When the Pinarello Dogma F8 was unveiled in 2014, we were invited to a secret media camp in Asolo, Italy. We stayed at the Albergo al Sole boutique hotel, where Fausto Pinarello presented the new bike. Then we rode it with him and Bernhard Eisel, who was with Team Sky at the time, through rustic, terracotta-coloured villages surrounded by cypress trees out into the foothills of the Dolomites.
Seven years, two Dogmas and one pandemic later, the launch of the Dogma F was conducted over Zoom, where we watched a video from our homes and then had a slightly awkward Q&A with the R&D team afterwards.
However, Pinarello did ship a bike to my home address in Surrey: although Box Hill is hardly Monte Grappa I would still get to do a first ride before the embargo date, and in some ways it might be a fairer test without Fausto gesticulating from his own custom fluoro Dogma and eagerly awaiting our feedback.

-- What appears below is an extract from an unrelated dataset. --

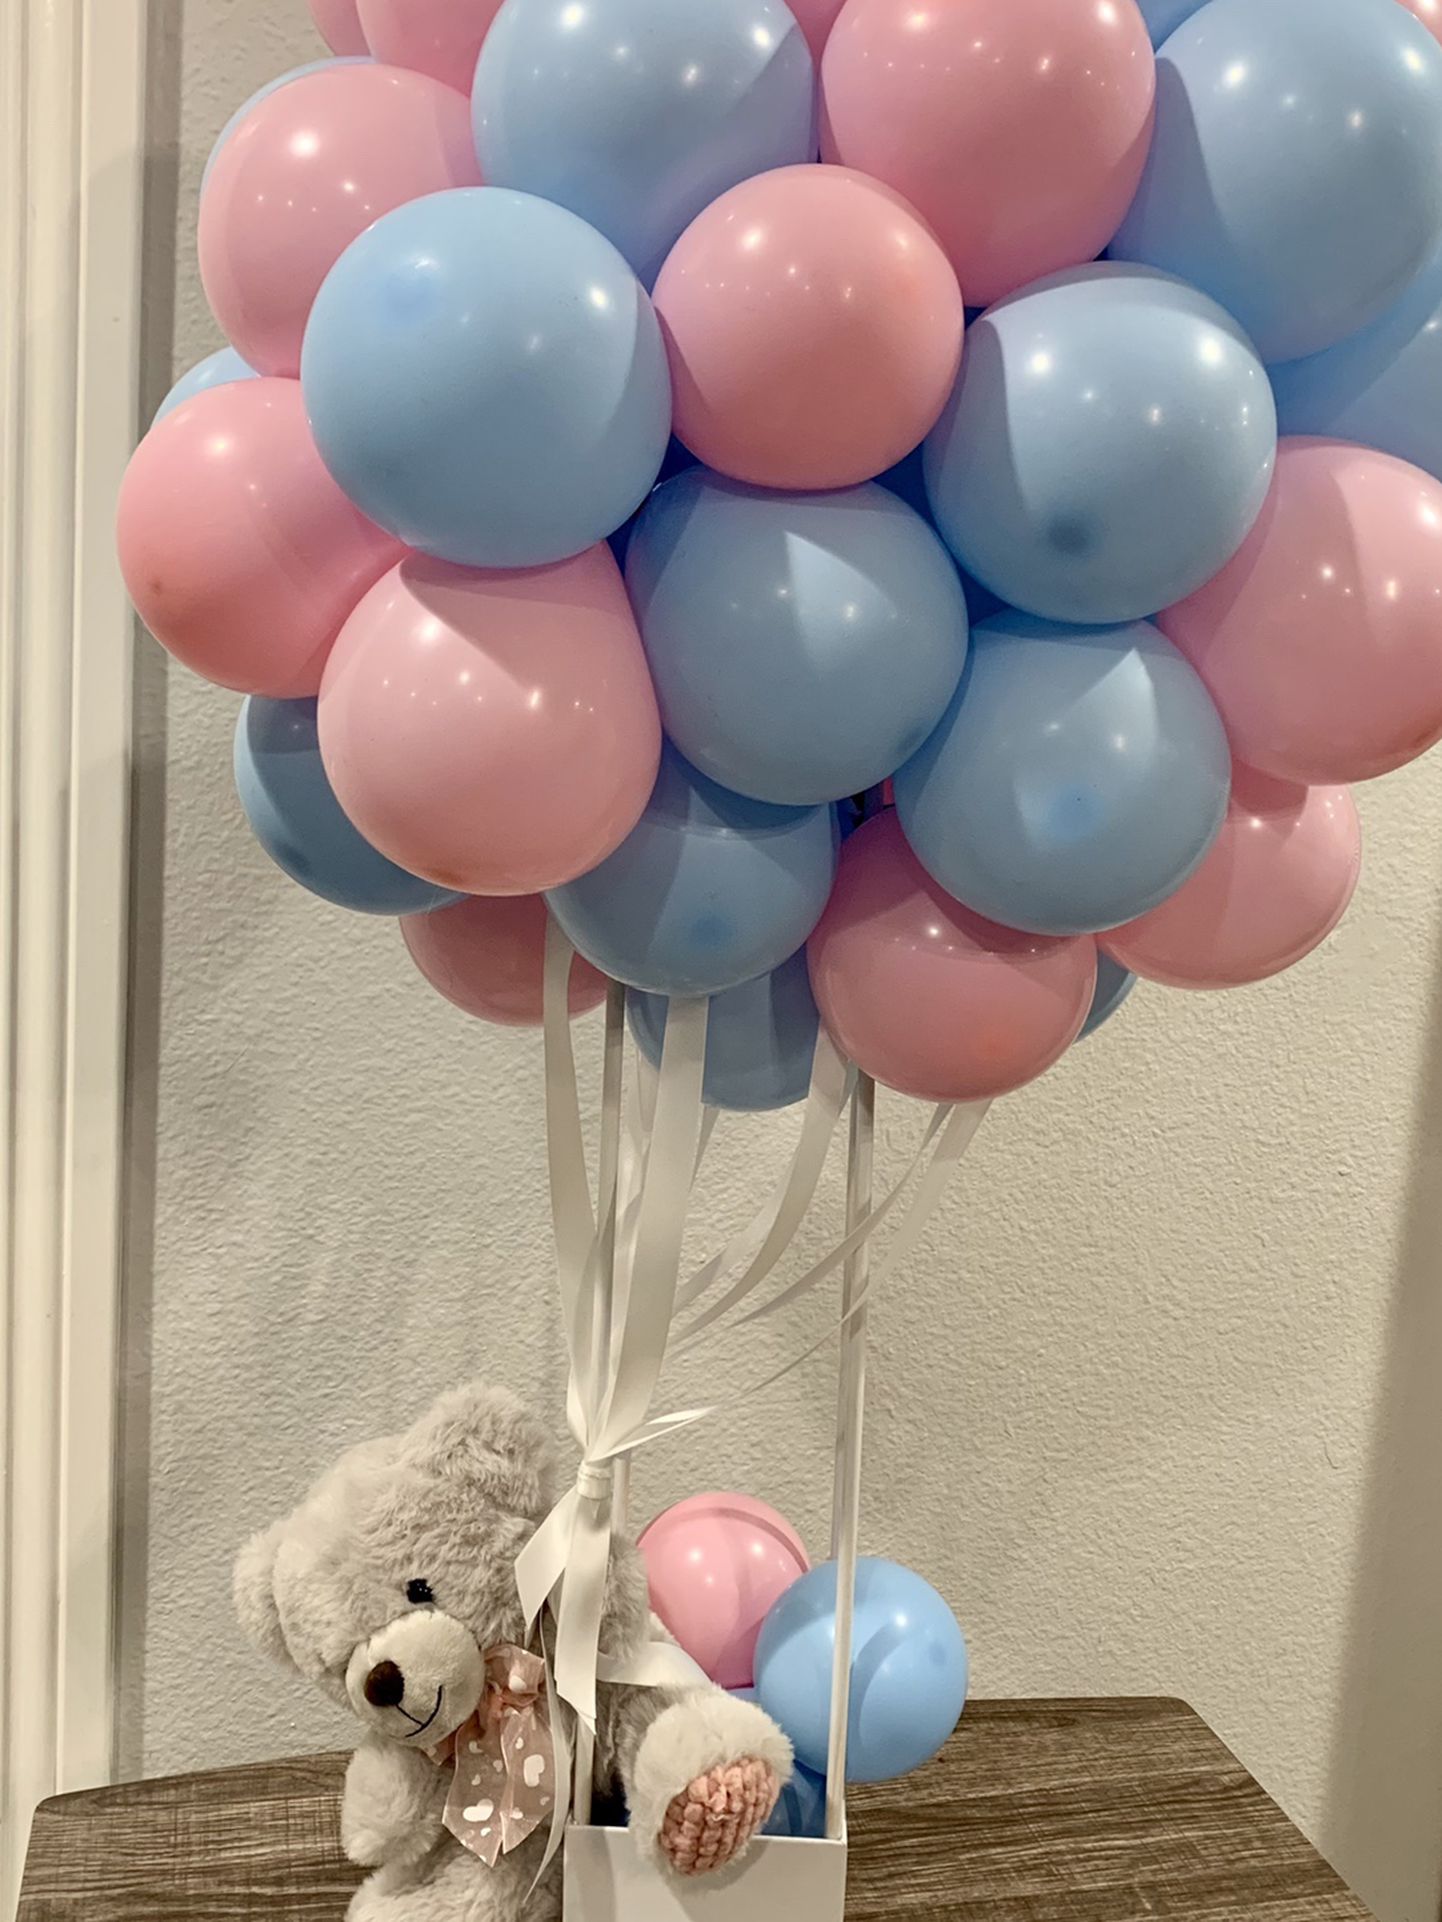 Teddy Hot Air Balloon Arrangement 🐻
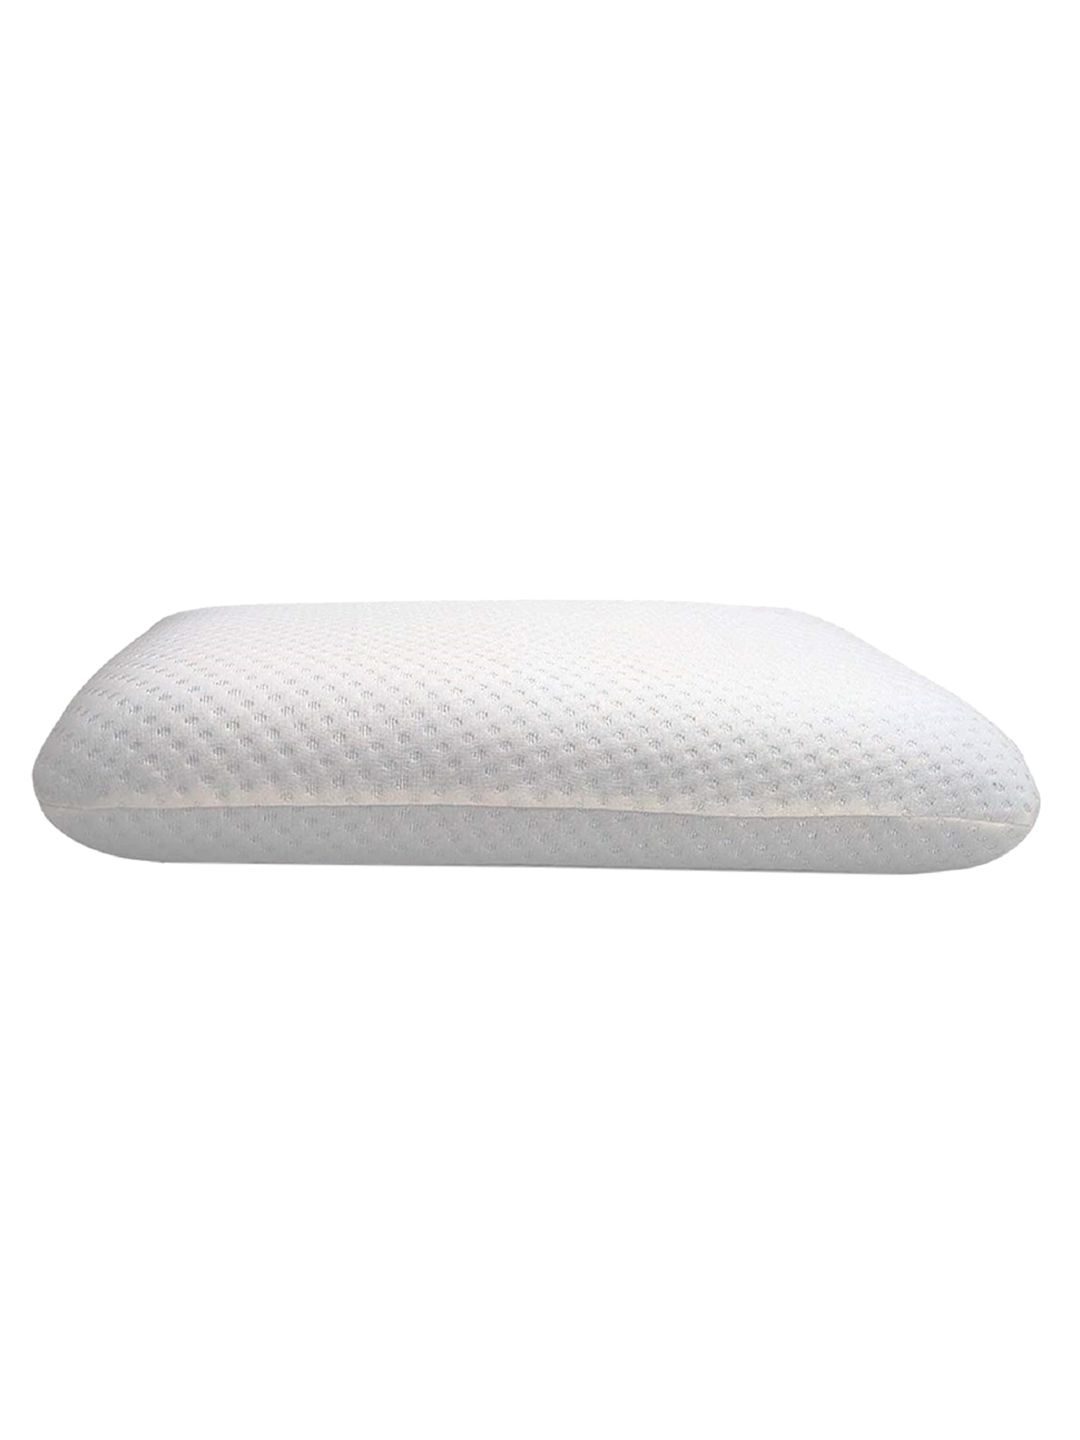 Pum Pum White Solid Memory Foam Regular Pillows Price in India

Unboxed and assembled in my sitting room, the new Dogma F did indeed look incongruously iconic. Perhaps the ordinary English surroundings exaggerated its exotic Italianness, but ever since the F8 - which was almost disappointingly plain-looking compared to the curvaceous Dogma 65.1 Think2 it replaced - the Dogma has been getting its shapeliness back, and for me this is the best-looking Dogma F series yet.
In the meantime of course there have been the F10 and the F12. This time Pinarello decided to drop the numerical sequencing and stick with just ‘F’. “A Pinarello Dogma is an icon,” said the press release. “It goes beyond a number or superficial classifications. We chose a simple F.”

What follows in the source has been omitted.